In short there is a couple of ways to wire your sound... with the wires, or with the pre-outs (the RCA jacks on the back of the unit). Your HU has only one set of pre-outs (designated for subs) at only 2V (low power). So your fronts and rears are NOT being fed by any pre-outs.
http://www.pioneerelectronics.com/PU...H-2100IB?tab=B
Pre-outs are by far the better outputs to use, especially with amps (which the mach system has). Your setup sounds bad either because the wires are feeding the amps, or your amps have been bypassed.

As you look into higher end HU's they will have more pre-outs at higher power.
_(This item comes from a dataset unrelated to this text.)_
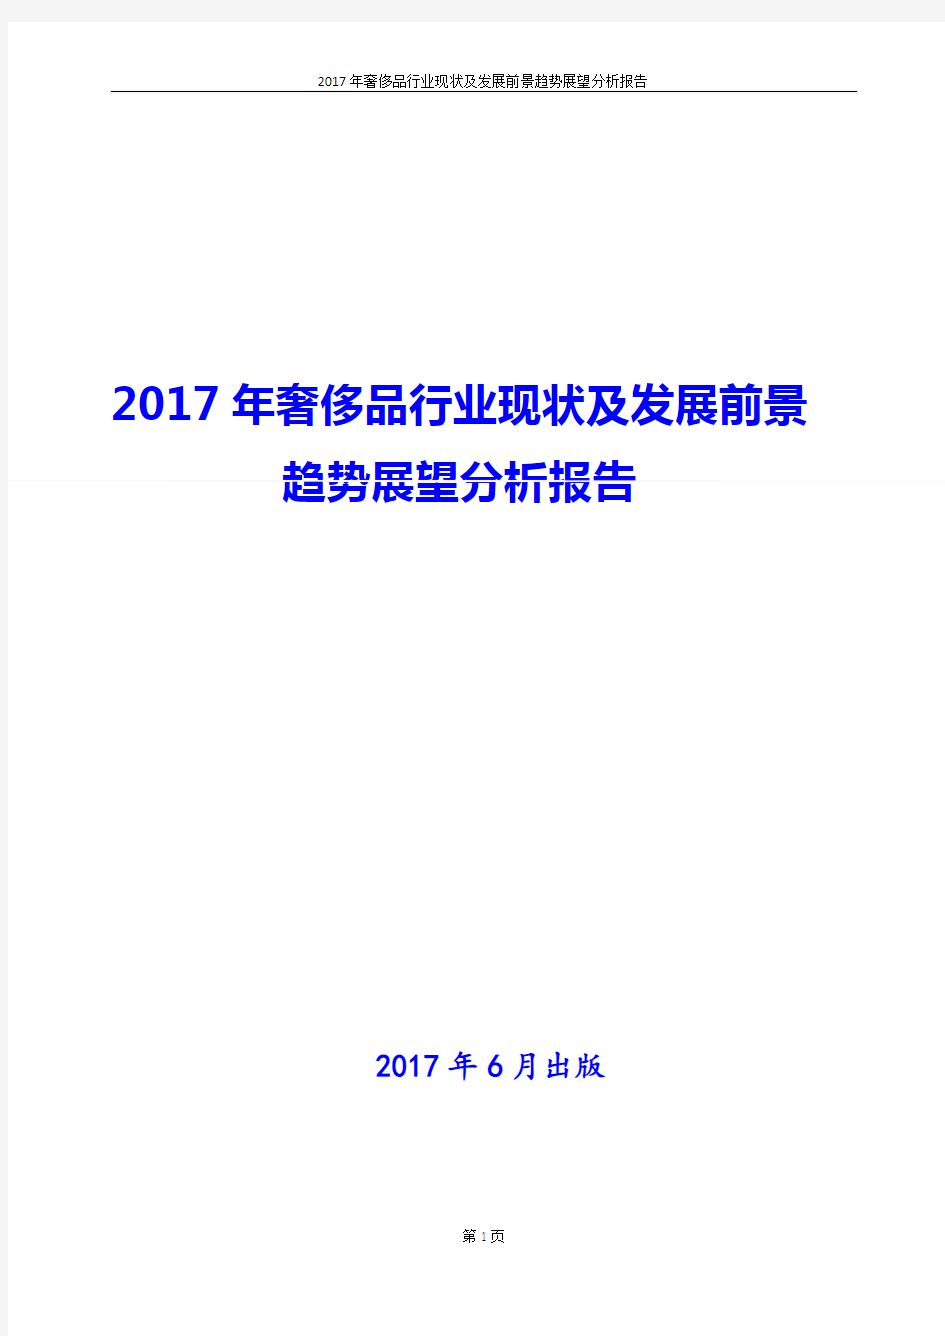 2017年奢侈品行业发展分析报告

I have an AVIC-F90BT which has 3 sets of pre-outs at 4V each. one set is for the front speakers, one set for the back speakers, one set for subs.

So, to answer your question, the lack of pre-outs is why your HU is not a good one.

There is much more to car audio than this, but if a quality signal does not leave the HU your system can NEVER sound great.
Man...thank you. I now see what I should have looked for before getting this head unit. Again...thanks.

Originally Posted by GTRedfire03
PM you back......
I got your PM, thanks. I don't know that I can return/exchange my unit. I believe my wife bought it for me at Target. I'll do some research to see if I can change my RCA output to a sub output.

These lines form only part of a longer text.